#### [DATASET SECTION]
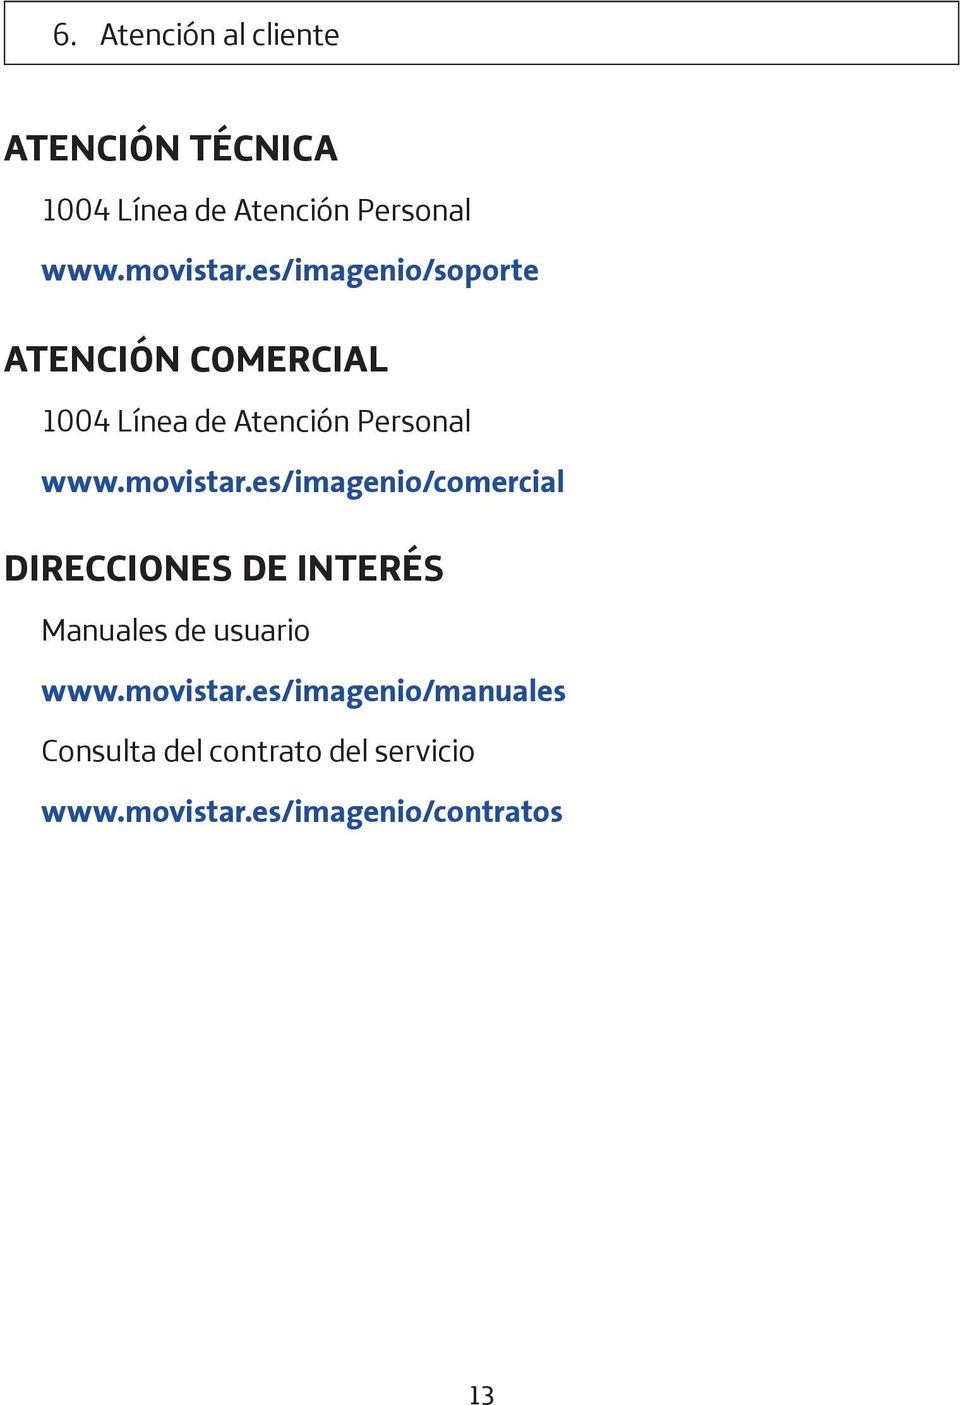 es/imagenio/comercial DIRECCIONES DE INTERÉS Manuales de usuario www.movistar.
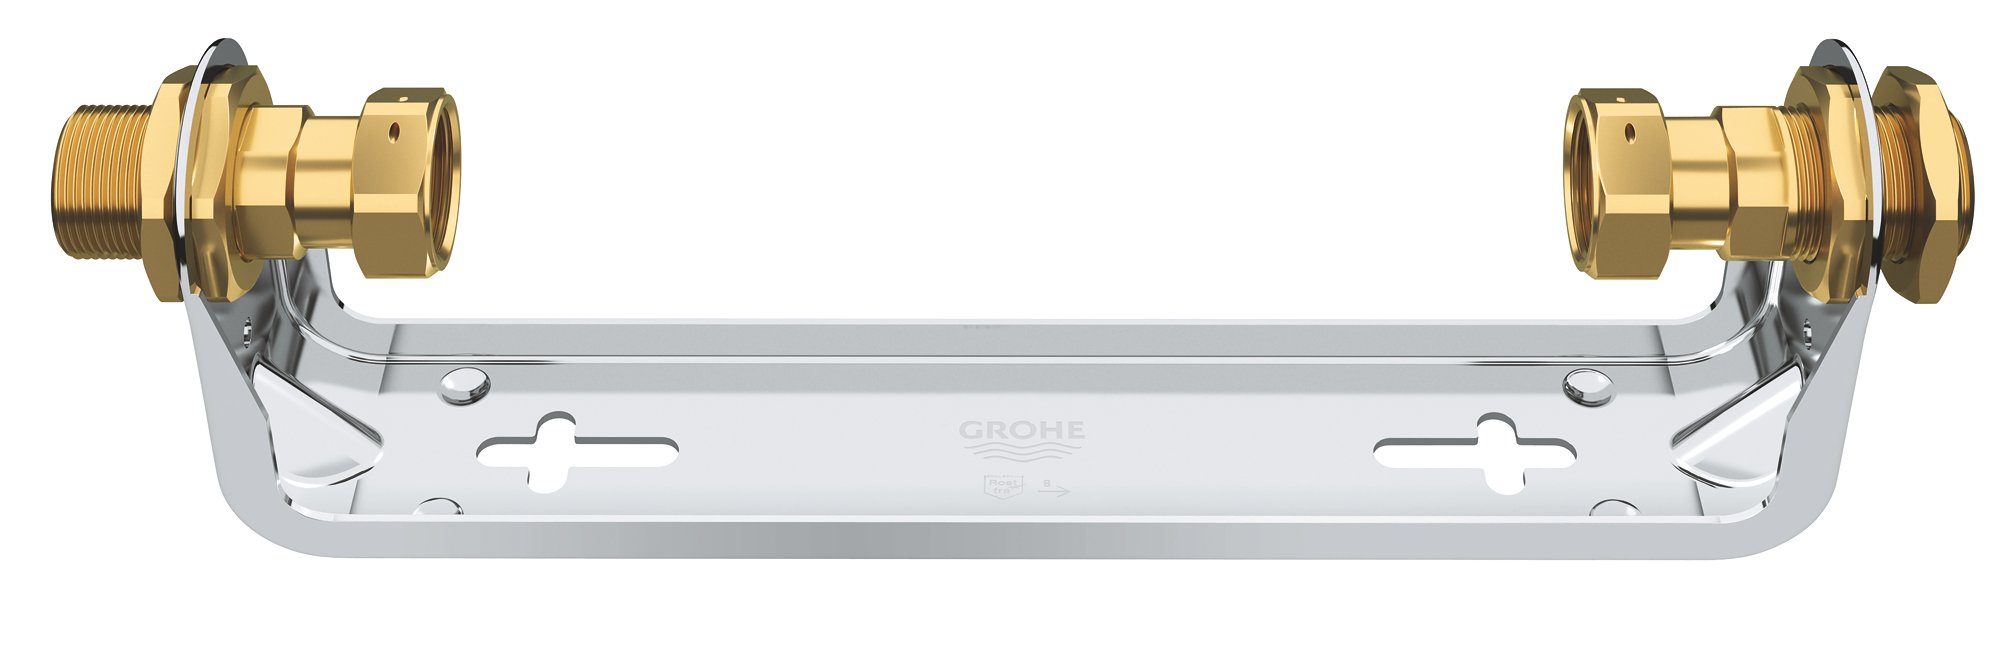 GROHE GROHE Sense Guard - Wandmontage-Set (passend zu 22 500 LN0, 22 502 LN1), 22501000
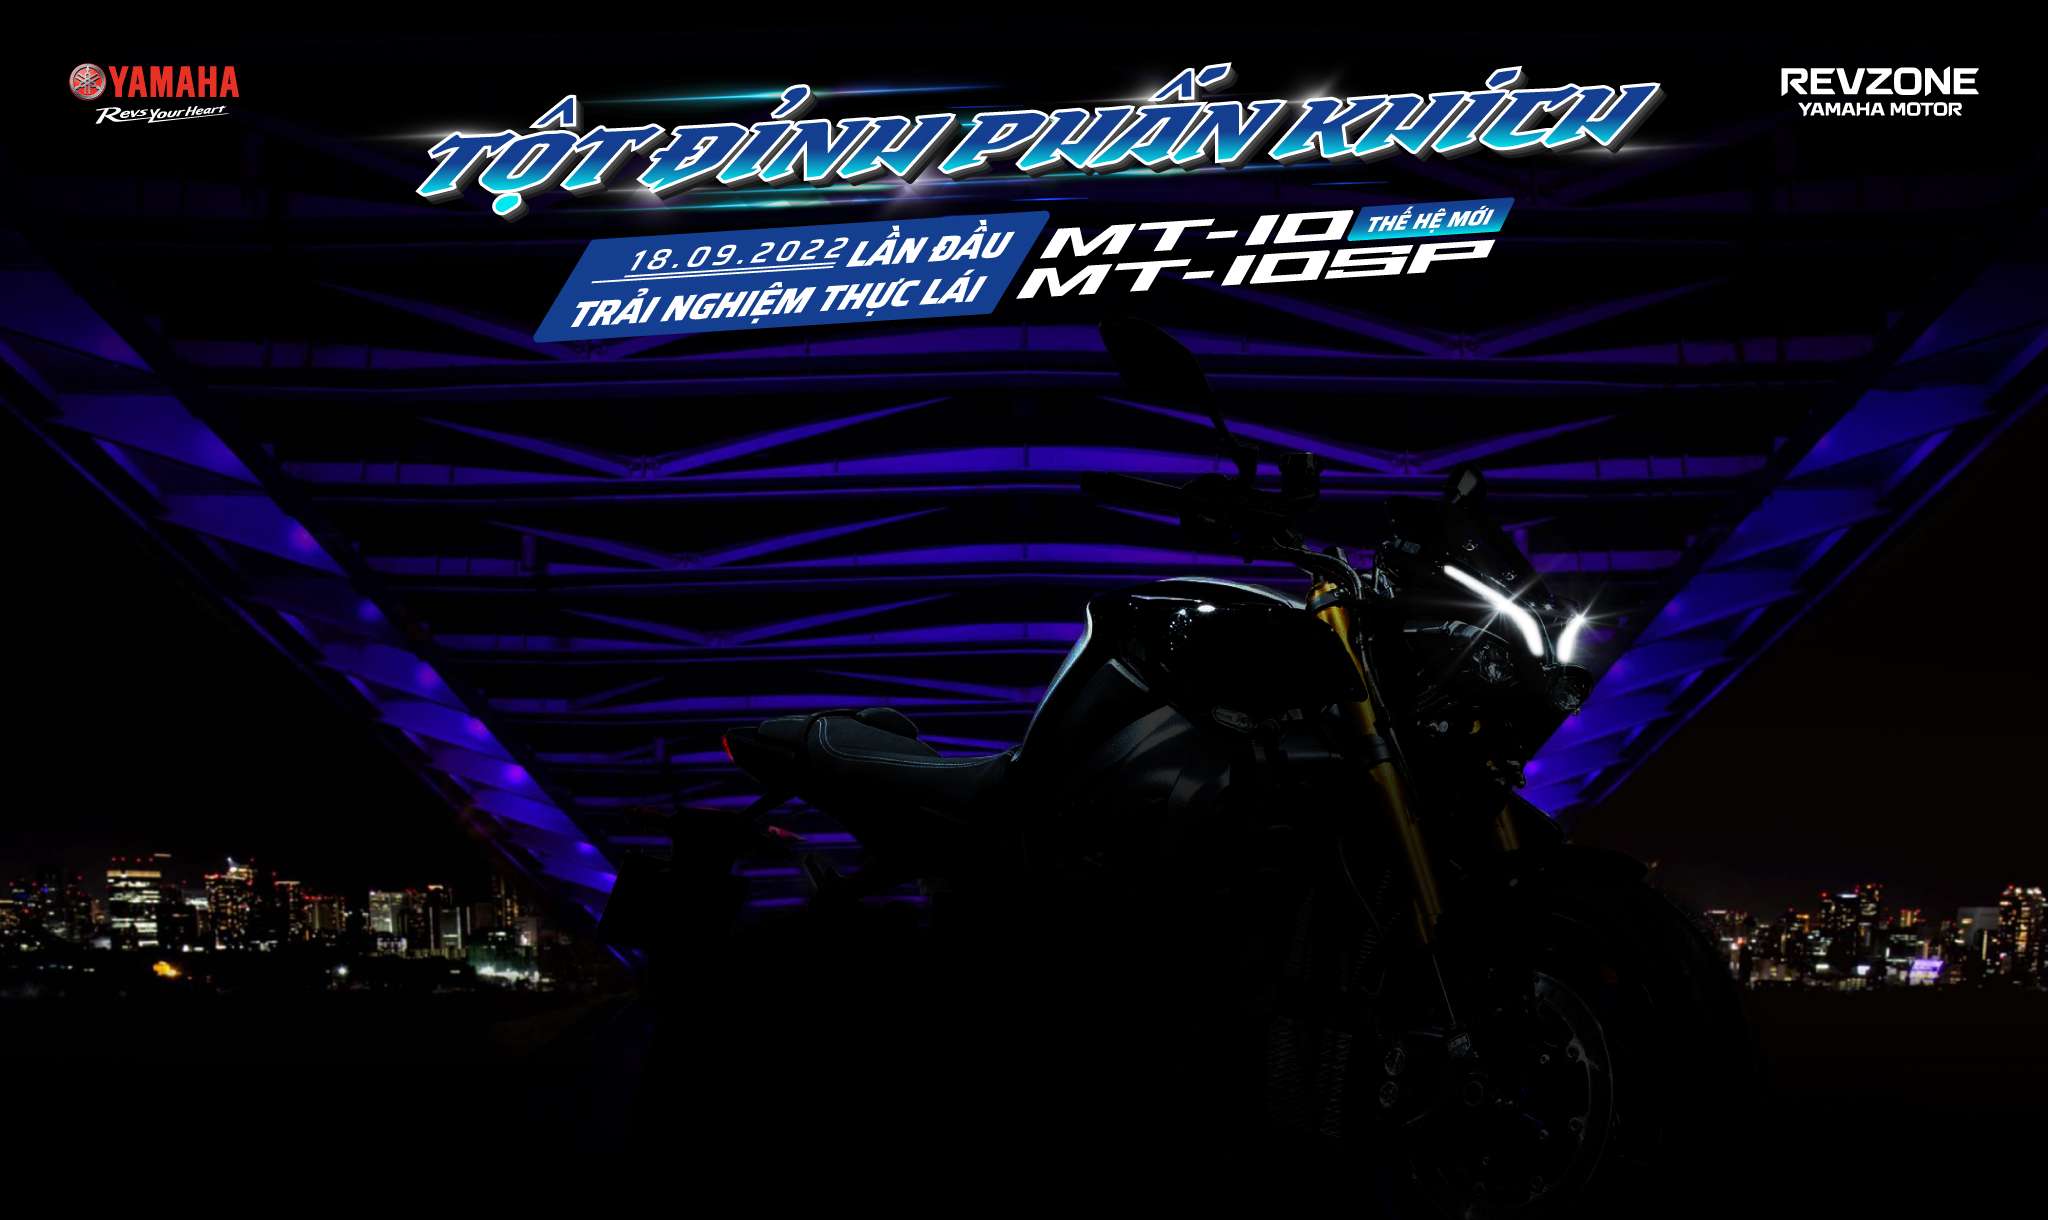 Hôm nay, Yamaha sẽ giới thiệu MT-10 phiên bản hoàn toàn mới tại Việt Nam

#### [WHAT IS BEING ASKED]
Every line in the data above needs to be given again exactly, pictures aside.

#### [SOLUTION]
 es/imagenio/comercial DIRECCIONES DE INTERÉS Manuales de usuario www.movistar.
 GROHE GROHE Sense Guard - Wandmontage-Set (passend zu 22 500 LN0, 22 502 LN1), 22501000
 Hôm nay, Yamaha sẽ giới thiệu MT-10 phiên bản hoàn toàn mới tại Việt Nam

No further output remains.